The world's first 3-zone water injector with the DHFC equipped with DTS came on line in 2018. This has marked another big milestone for this game-changer technology in ACG to properly manage multi-layer reservoirs and opened for further applications in other BP regions.
BP also focuses on delivering technology solutions to mitigate and manage potential risks identified for each element of the production system. These may be technologies that would allow to avoid (or reduce) sand production into a well, or new tools or remediate hydrates in well facility:
BP Slug Controller - wellbore slugging in ACG wells is a major risk to production sustainability. High amplitude of slugging and high rates of change in drawdown put wells at potential risk of sand control failure. It also brings risk for serious process plant upsets and efficiency losses. This technology, which helps to control the slug situation, is deployed at all ACG platforms.
BP Drawdown Controller - instability and exceeding the bean up limit when the well is put back on production after shut-down may lead to sand production due to the sand prone nature of ACG wells. The technology allows to maintain the downhole pressure at the depletion target value by applying constant drawdown to the well. It also enables more efficient and smooth bean-up in the well. It is currently is installed on two ACG Platforms
APEX Production Simulation, Monitoring and Optimization tool - enhances well production optimization capability to address Base Management optimization challenge.

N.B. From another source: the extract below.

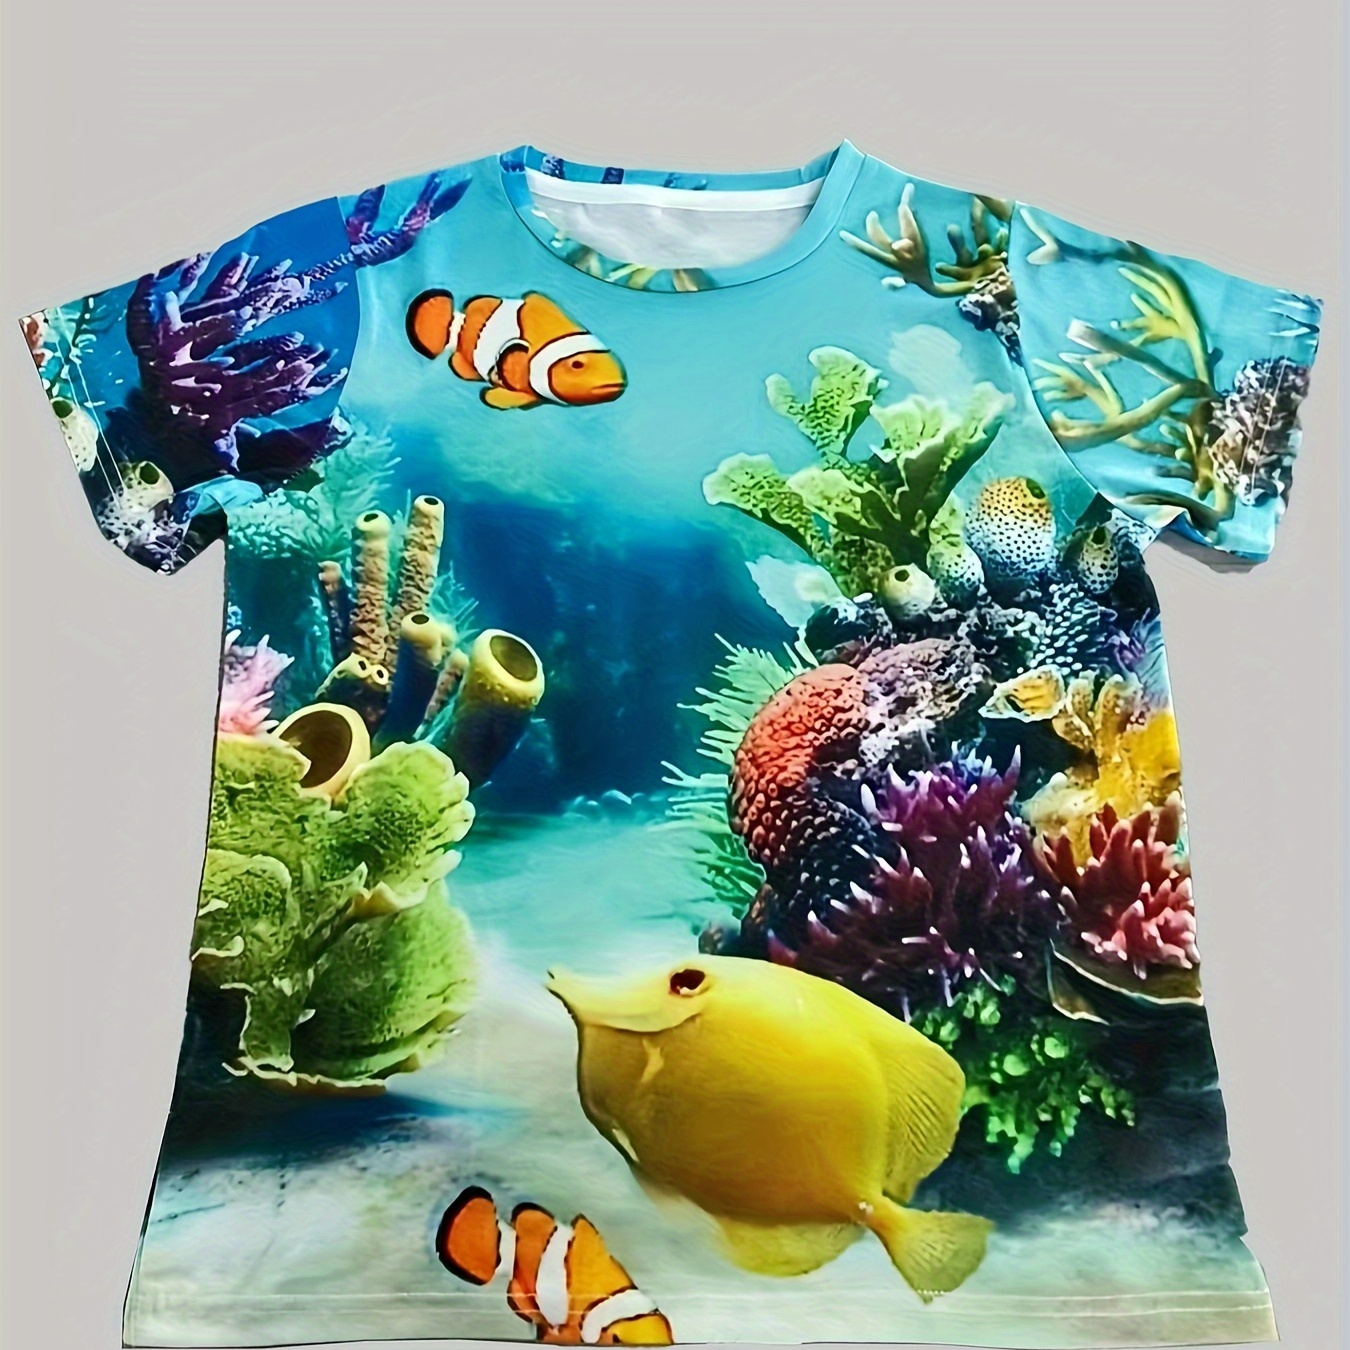 

Sea World Coral Reef And Fish 3d Print Boys Creative T-shirt, Casual Lightweight Comfy Short Sleeve Tee Tops, Kids Clothings For Summer
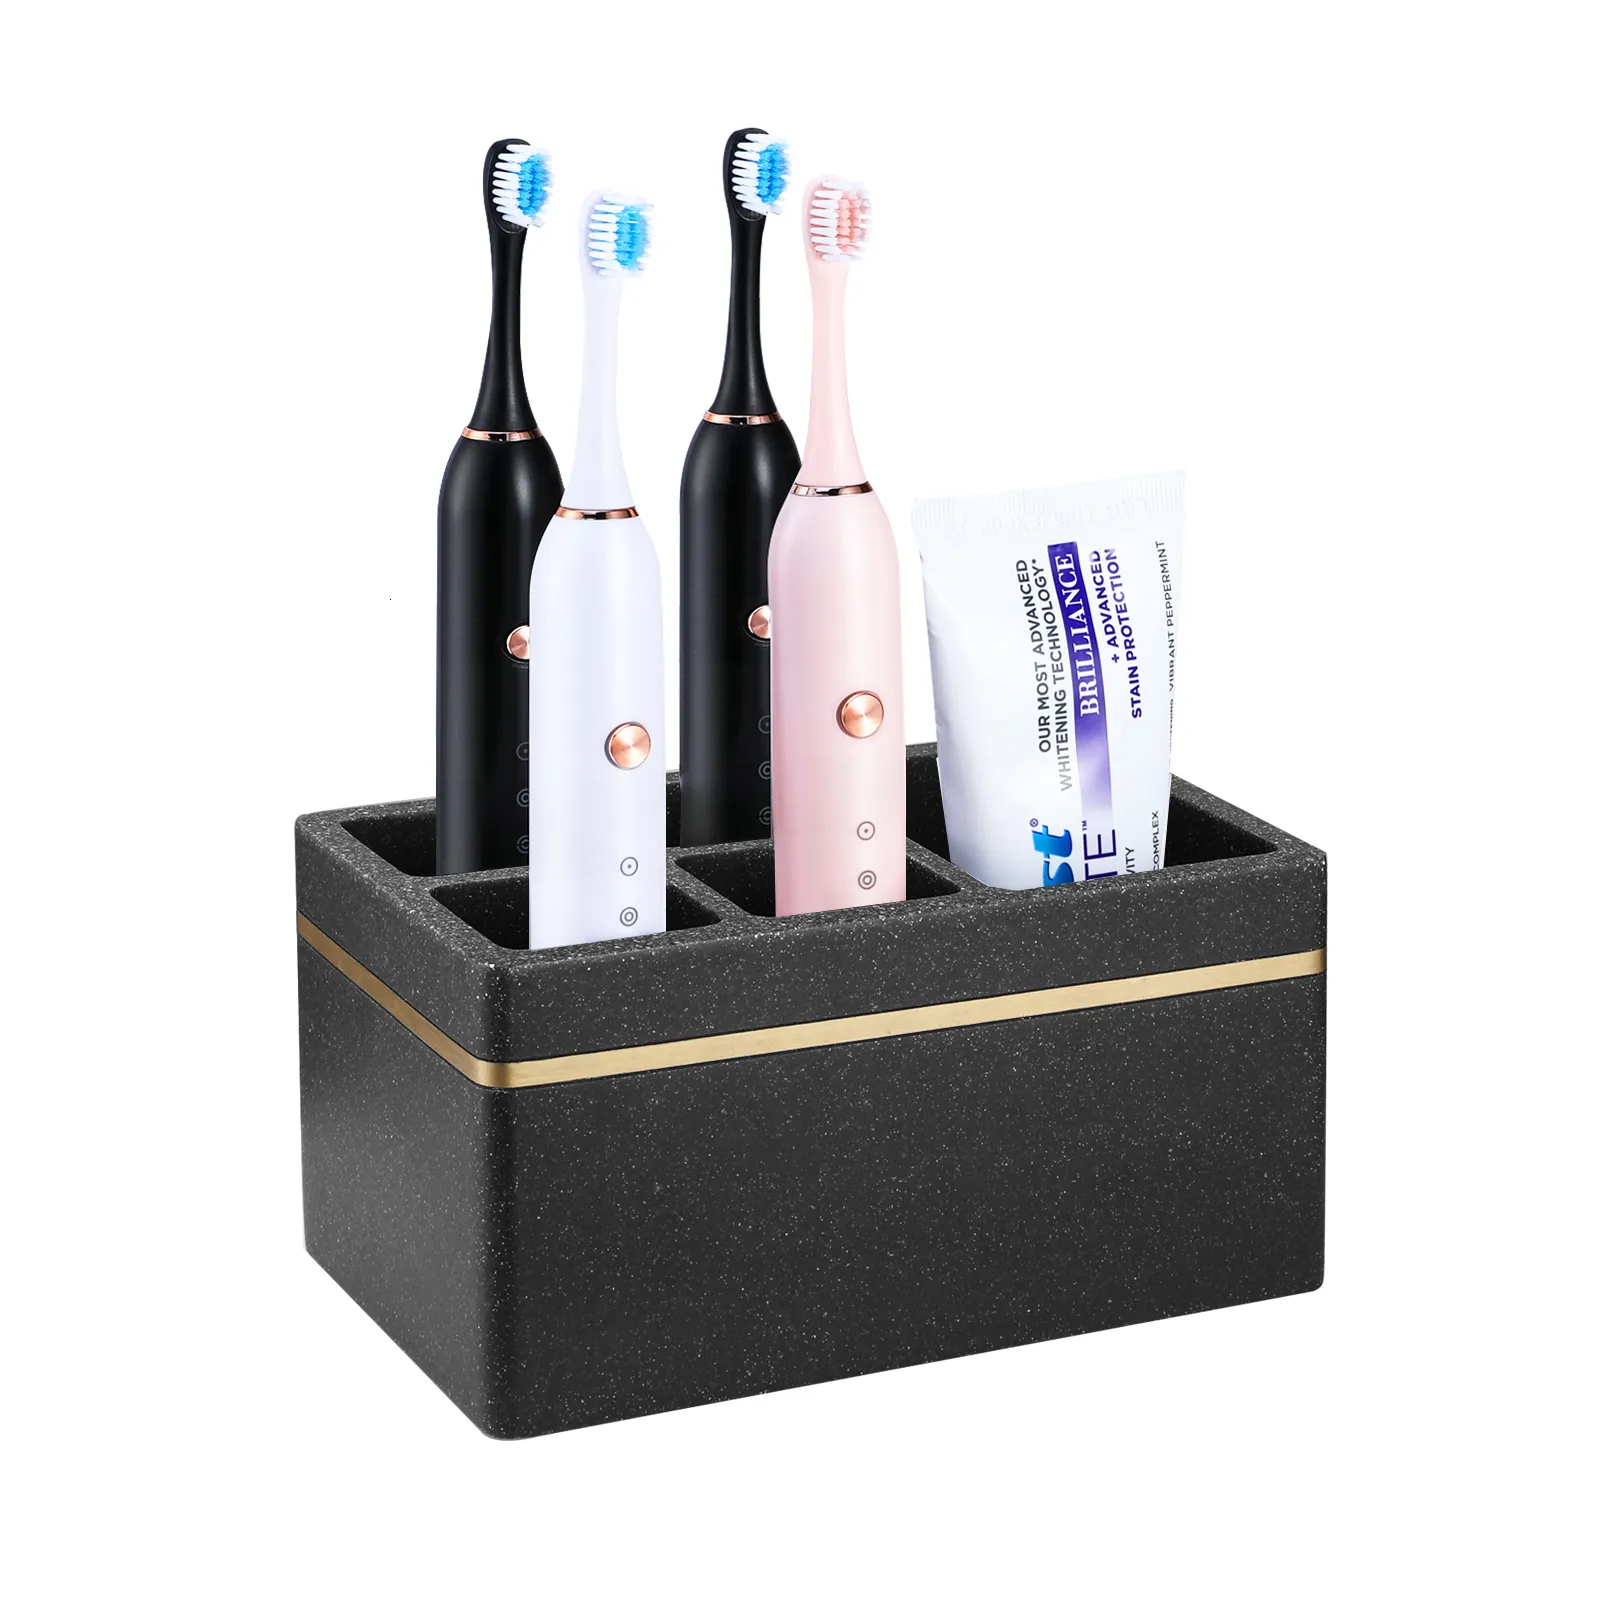 Toothbrush Holders Luxspire Resin Electric Toothpaste Holder Stand Caddy 5 Slots Bathroom Vanity Countertop Storage 230308

Pipeline inspection gauge (PIG) is a special tool used to inspect the internal conditions of a pipeline, capture and record the geometry and reveal any corrosion information related to the pipelines. This information is then downloaded to a computer when the PIG is removed from the pipe to enable engineers to 'see' inside the line. This process is known as intelligent pigging.
To ensure the integrity of subsea pipelines, rigorous monitoring is done by using remotely operated vehicles and autonomous underwater vehicles (AUV). The challenge we face is poor visibility in the murky Caspian waters, particularly in water depths of less than 25m. So, we’ve introduced some state-of-the-art equipment never utilised in the Caspian before to provide pipeline assurance.
It carries out acoustic surveys, it works well and it allows inspections to be performed faster and more efficiently. The Caspian became one of the leading regions utilising AUV technology and is exporting knowledge to BP globally concerning these operations.
Some new technological tools such as Crawler and Drone have been successfully deployed for facility and structure inspection on some of ACG platforms. Further development of these technologies is being assessed to expand the area of their application to all of ACG platforms.